Consider non-constant holomorphic mapping $f:M_{1} \longrightarrow M_{2}$ between compact Riemann surfaces, then $$ g(M_{1})\geq g(M_{2}),$$ where denotes the genus of $M_{1}$ by $g(M_{1})$, and the same $g(M_{2})$.
I try to use the conclusion
$$H^{1} \cong H_{dR}^{1}(M),$$ where $H^{1}:=\{$Harmonic 1-forms of Riemann surface$\}$, and $H_{dR}^{1}(M)$ is the de Rham cohomology.

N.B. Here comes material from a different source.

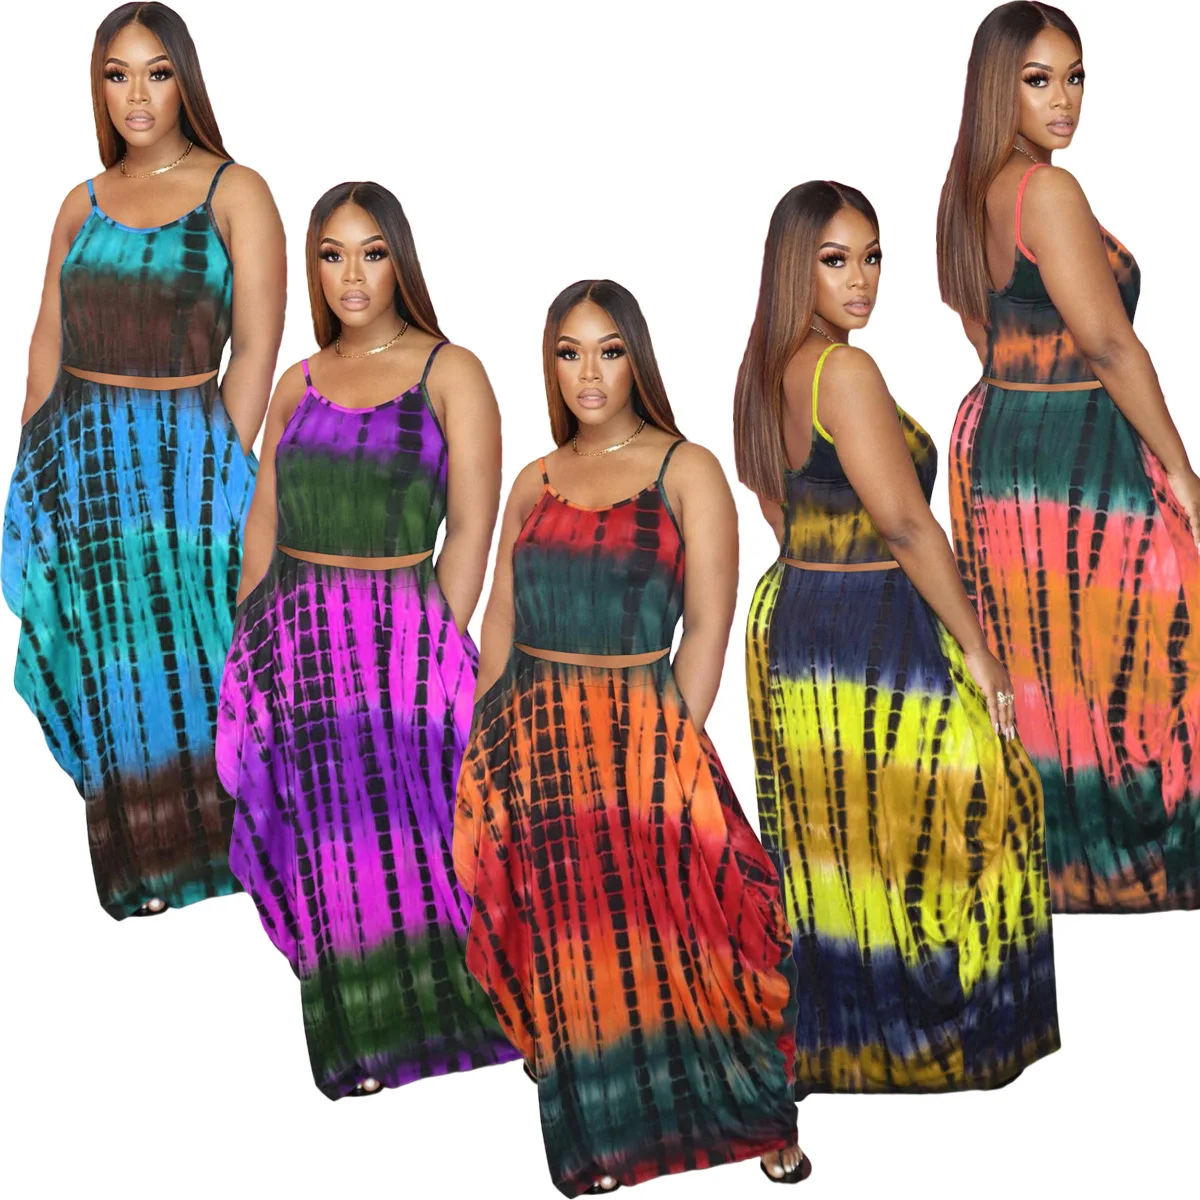 

Casaul Women Skirt Set Print Tie Dye Spaghetti Strap + Long Skirt Dress Summer Beach Clothes For Women Outfit

By this conclusion, $2g(M_{1})= \dim H^{1}= \dim H_{dR}^{1}(M)$, which means $g$ is a topology invariance. Moreover, $H^{1}=\mathscr{H}\oplus \bar{\mathscr{H}}$, where $\mathscr{H}$ is the holomorphic 1-form and $\bar{\mathscr{H}}$ conjugate. Hence, $$g(M_{1})= \dim \mathscr{H}$$
My question is why $\dim \mathscr{H}$ of $M_{1}$ is greater than $M_{2}$?
$\textbf{New edited}$
@Laurent Moret-Bailly Following this idea, if $\omega$ is a holomorphic 1-form on $M_{2}$, and consider the pullback of $\omega$: $$f^{*}: H^{0}(M_{2}) \longrightarrow H^{0}(M_{1}),$$ then $f^{*}\omega$ is a holomorphic 1-form on $M_{1}$.
How about the next? Is there a related between $(f^{*}\omega)$ and $f^{*}(\omega)$?
You may use Riemann-Hurwitz Formula,
to conclude that $2g(M_1) - 2 = deg(f)(2g(M_2) - 2) + deg R_f \geq2g(M_2)-2$.
Following @Laurent Moret-Bailly 's idea, we can show that $f^*$ is injective.
Suppose $f^*\omega = 0$, i.e. $\forall p\in X, v\in T_pX,f^*\omega(v)=0$
If $p$ is not a ramification point, $f$ induces an isomorphism on tangent spaces, and hence $\omega|_{f(p)} = 0 $.
So $\omega|_q = 0$ for all but finite $q\in Y$, and thus $\omega = 0$.